I  like very much Plan9. Likely the best operating system.

Indeed ultra fast.


----------



## hruodr (Jan 27, 2019)

Yes, very nice OS, perfectionated unix, but you see here the weight of the habit: Unix/BSD is not perfect, but good enough, and has much support, so that we do not have the energy to switch. And for a real switch, to use it as desktop, we need a web browser there: I think that was the reason of plan9port.

I could run it in FreeBSDs quemu, but very slow. I did not manage and also did not try very much to run it in `bhyve`. In any case: I do not like virtual machines. The last time I managed to install it, was in a very old hardware.


----------



## Cthulhux (Jan 27, 2019)

There are also the Harvey and Jehanne projects, trying to fix hardware incompatibilities.


----------



## hruodr (Jan 27, 2019)

I do not think that using `gcc` makes them simpler than plan9. They should concentrate on plan9 instead of ramificating it (as the linux distributions, each of it is called a new "operating system"). In any case is good to know about their existence. And I think the compiler can be seen as CPU driver and should be part of the OS. I find tragic that no BSD has its own compilers, but plan9 has them.


----------



## Cthulhux (Jan 28, 2019)

pyret said:


> Rob Pike, one of the creators of Go



..., co-creator of the Unicode standard, developer of jim, sam and acme, ...


----------



## ralphbsz (Jan 29, 2019)

Has anyone bothered to ask Rob Pike what OS he runs on his computer these days?  I know he is reachable, although I don't know whether he bothers to answer questions.


----------



## Cthulhux (Jan 29, 2019)

Yes, someone did: Rob moved on to macOS. 
https://usesthis.com/interviews/rob.pike/


----------



## kpedersen (Feb 1, 2019)

hruodr said:


> I find tragic that no BSD has its own compilers, but plan9 has them.



I agree! Did BSD ever have one? Amsterdam Compiler Kit? What did 4.3BSD and lower used to use?

I recall, OpenBSD tried to maintain its own (based on pcc) but it was a little bit too much work for what it was worth. They rather spend their time on improving the OS rather than compiler.
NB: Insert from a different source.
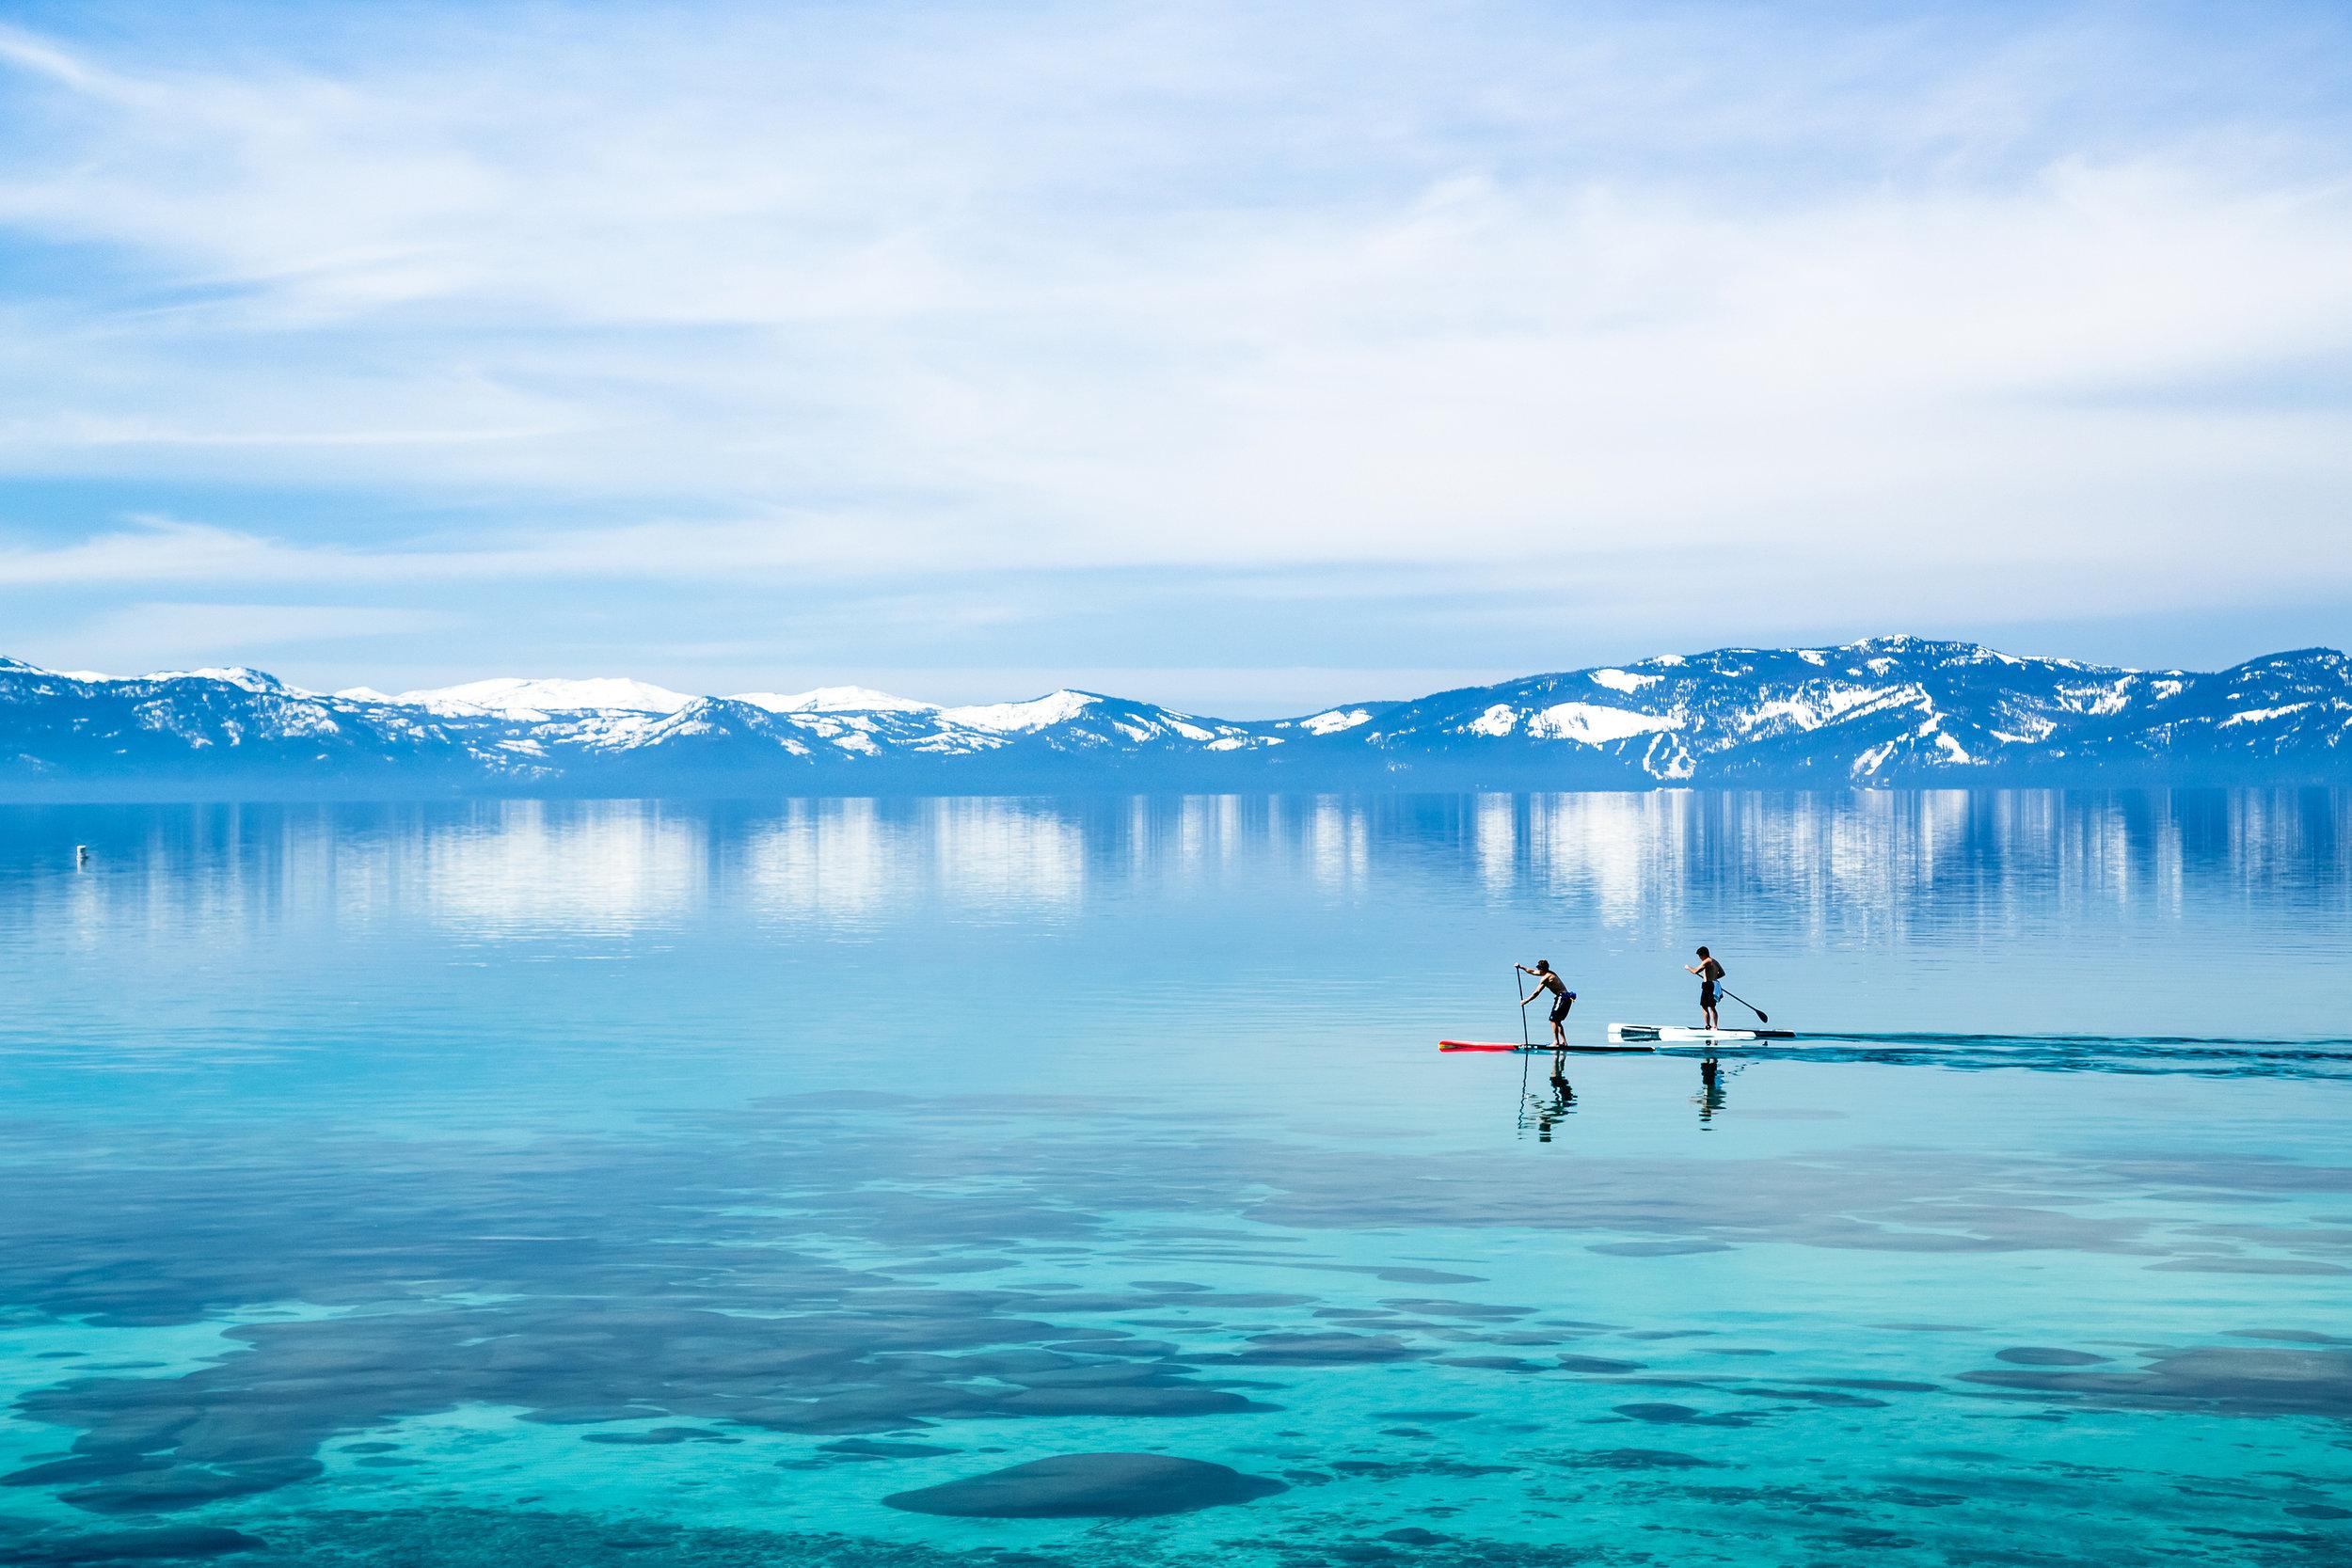 bigstock-Paddle-boarding-64564342.jpg

I kind of see LLVM/clang as _the_ BSD compiler because all the main ones have moved to it and macOS (with a solid BSD underlying subsystem) has a large amount of input on the project.

I always was impressed with Ken's compiler in Plan9 and the APE layer. Its is extremely usable 
So much so that Go's underlying C compiler used to use it on all platforms (even Windows).


----------



## Cthulhux (Feb 1, 2019)

kpedersen said:


> Did BSD ever have one?



pcc was the BSD compiler until 4.4BSD which introduced the horrendous GCC instead.


----------



## hruodr (Feb 1, 2019)

kpedersen said:


> What did 4.3BSD and lower used to use?



pcc was written by Stephen C. Johnson, the yacc man. The parser works bottom up. And you can find it in old BSD 4.
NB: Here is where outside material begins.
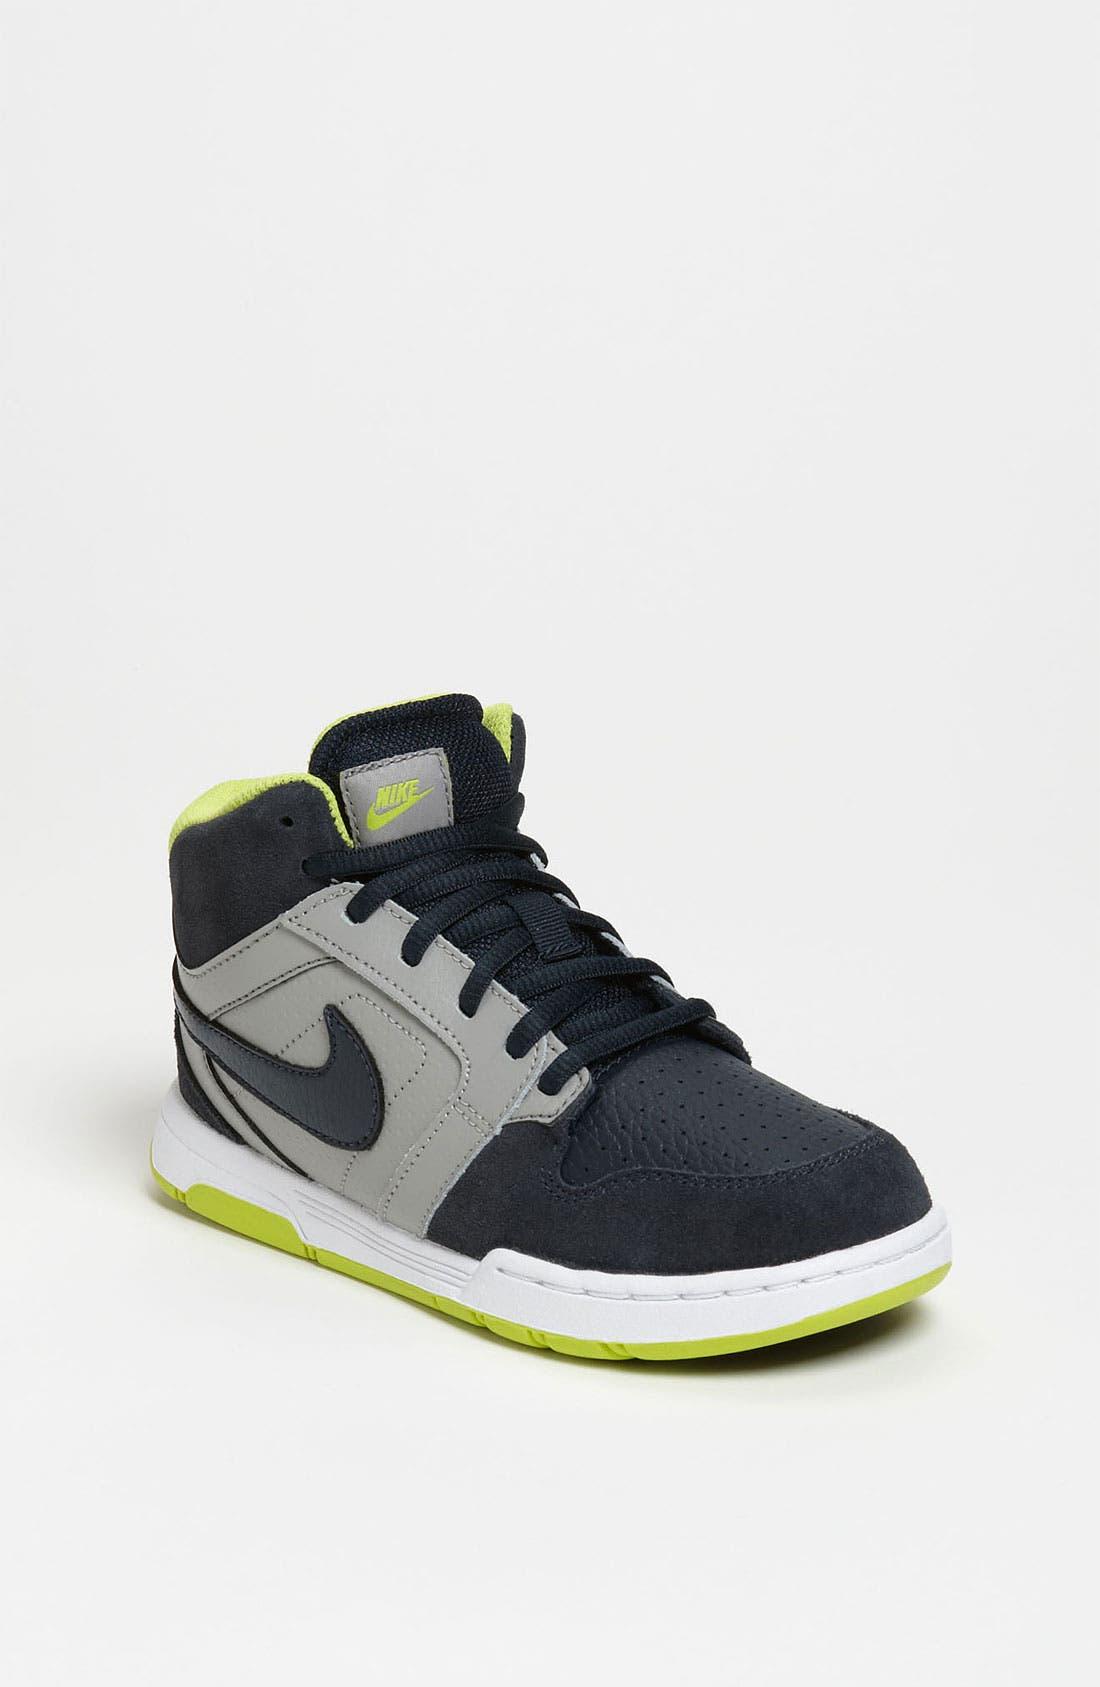 Alternate Image 1 Selected - Nike 'Mogan Mid 3' Sneaker (Toddler, Little Kid & Big Kid)

I think, C before this was parsed top down:

(1) https://www.bell-labs.com/usr/dmr/www/chist.html

(2) ftp://pcc.ludd.ltu.se/pub/pcc-docs/porttour.ps


----------



## Spartrekus (Feb 1, 2019)

Cthulhux said:


> pcc was the BSD compiler until 4.4BSD which introduced the horrendous GCC instead.



*1. V5*
a nice c compiler is here in pdp unix v.5 source with some asm files.
it is very small, really.
I guess Ritchie made.

*2. FreeBSD*:
using CLANG/GCC to compile anything is kinda weird actually. Indeed.
A rewrite of Unix without its own C compiler - it is a bit like a chinese copy of supercar Ferra*l*i - without  wheels.
Likely BSD will move to another C compiler - it is anytime probable.


----------



## Spartrekus (Feb 1, 2019)

--


----------